Abstract

This study aimed to investigate the differential preventive effect of motivational interviewing (MI) on early childhood caries (ECC) according to socioeconomic variables, using a community-based trial in a public healthcare setting. A cluster-randomized, double-blind study with two parallel groups in healthcare clinical settings (HCCs) comparing conventional oral health education (CE) and MI aimed at mothers of children born in 2013 and 2014. The oral health team of 6 of the 12 HCCs were trained in MI. This training was intensive for active learning of the basic MI principles, conducted by a psychologist who is a PhD in psychiatry and has extensive experience in conducting MI training workshops.
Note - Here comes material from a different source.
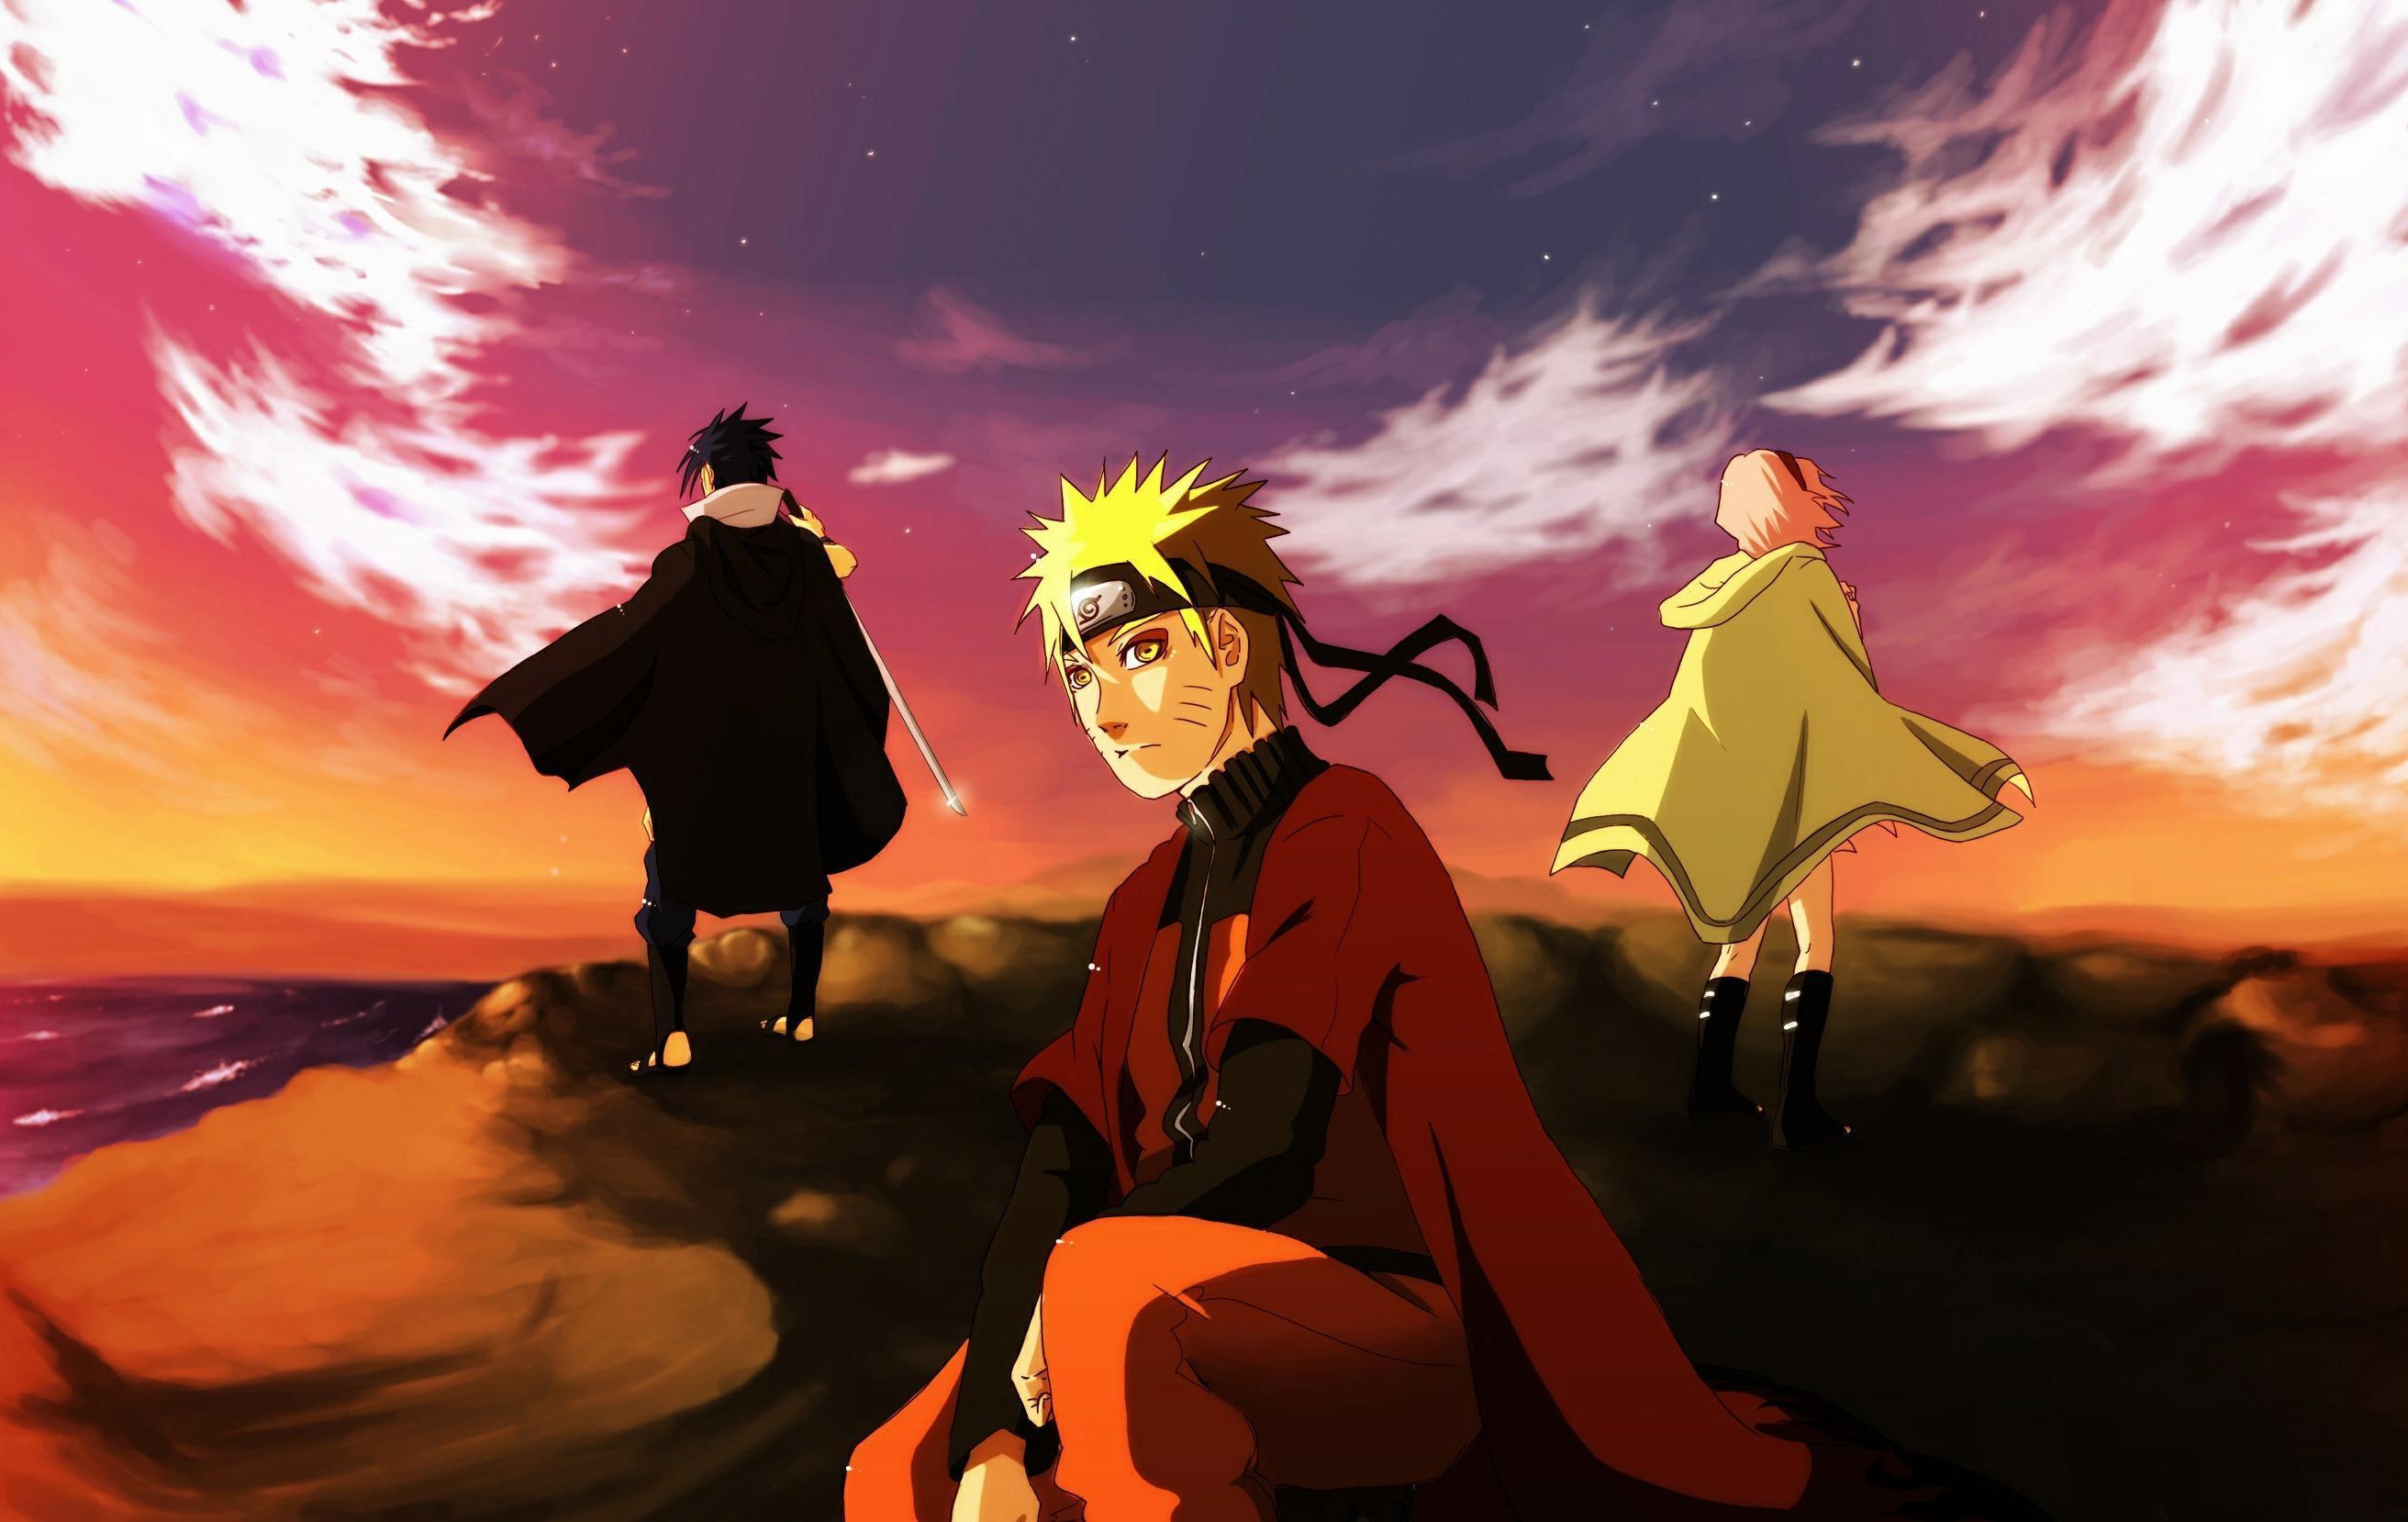 Wallpapers Naruto, Team von sieben, Sasuke Uchiha, Kunst, Meer.

It was held in an experiential format divided into two 4-hour shifts, with a 1-week interval. Children who attended at least one dental visit in the first year of life at their HCC were clinically evaluated by trained examiners and parents responded to a questionnaire. The effect of MI on the caries outcome compared with CE was evaluated in different subgroups: family income, mother's education and skin colour. One hundred and eighty-six were included in the CE group and 228 in the MI group. The caries rate per 100 surface-year was 1.29 (95%CI: 0.92-1.80) in the CE group and 0.46 (95%CI: 0.29-0.73) in the MI group. The effect of MI was statistically significant in the lower-income category (P=.03); MI prevented 57% of carious lesions (IRR=0.43, 95% CI 0.22-0.83) and reduced the occurrence of the disease on more than one surface per 100 followed surface-year in this same category in the equivalent income subgroup (IRD=-1.37, P=.04). Motivational interviewing had a greater preventive effect against caries in children whose families are of lower income.